Filter the data for "WiMAX" and copy matching lines.

Excerpted data.

# # # # # # #

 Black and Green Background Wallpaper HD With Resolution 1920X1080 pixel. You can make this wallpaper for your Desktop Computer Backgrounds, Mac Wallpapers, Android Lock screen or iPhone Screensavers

# # # # # # #

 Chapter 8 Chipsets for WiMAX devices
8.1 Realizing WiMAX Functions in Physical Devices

# # # # # # #

Task answer.
 Chapter 8 Chipsets for WiMAX devices
8.1 Realizing WiMAX Functions in Physical Devices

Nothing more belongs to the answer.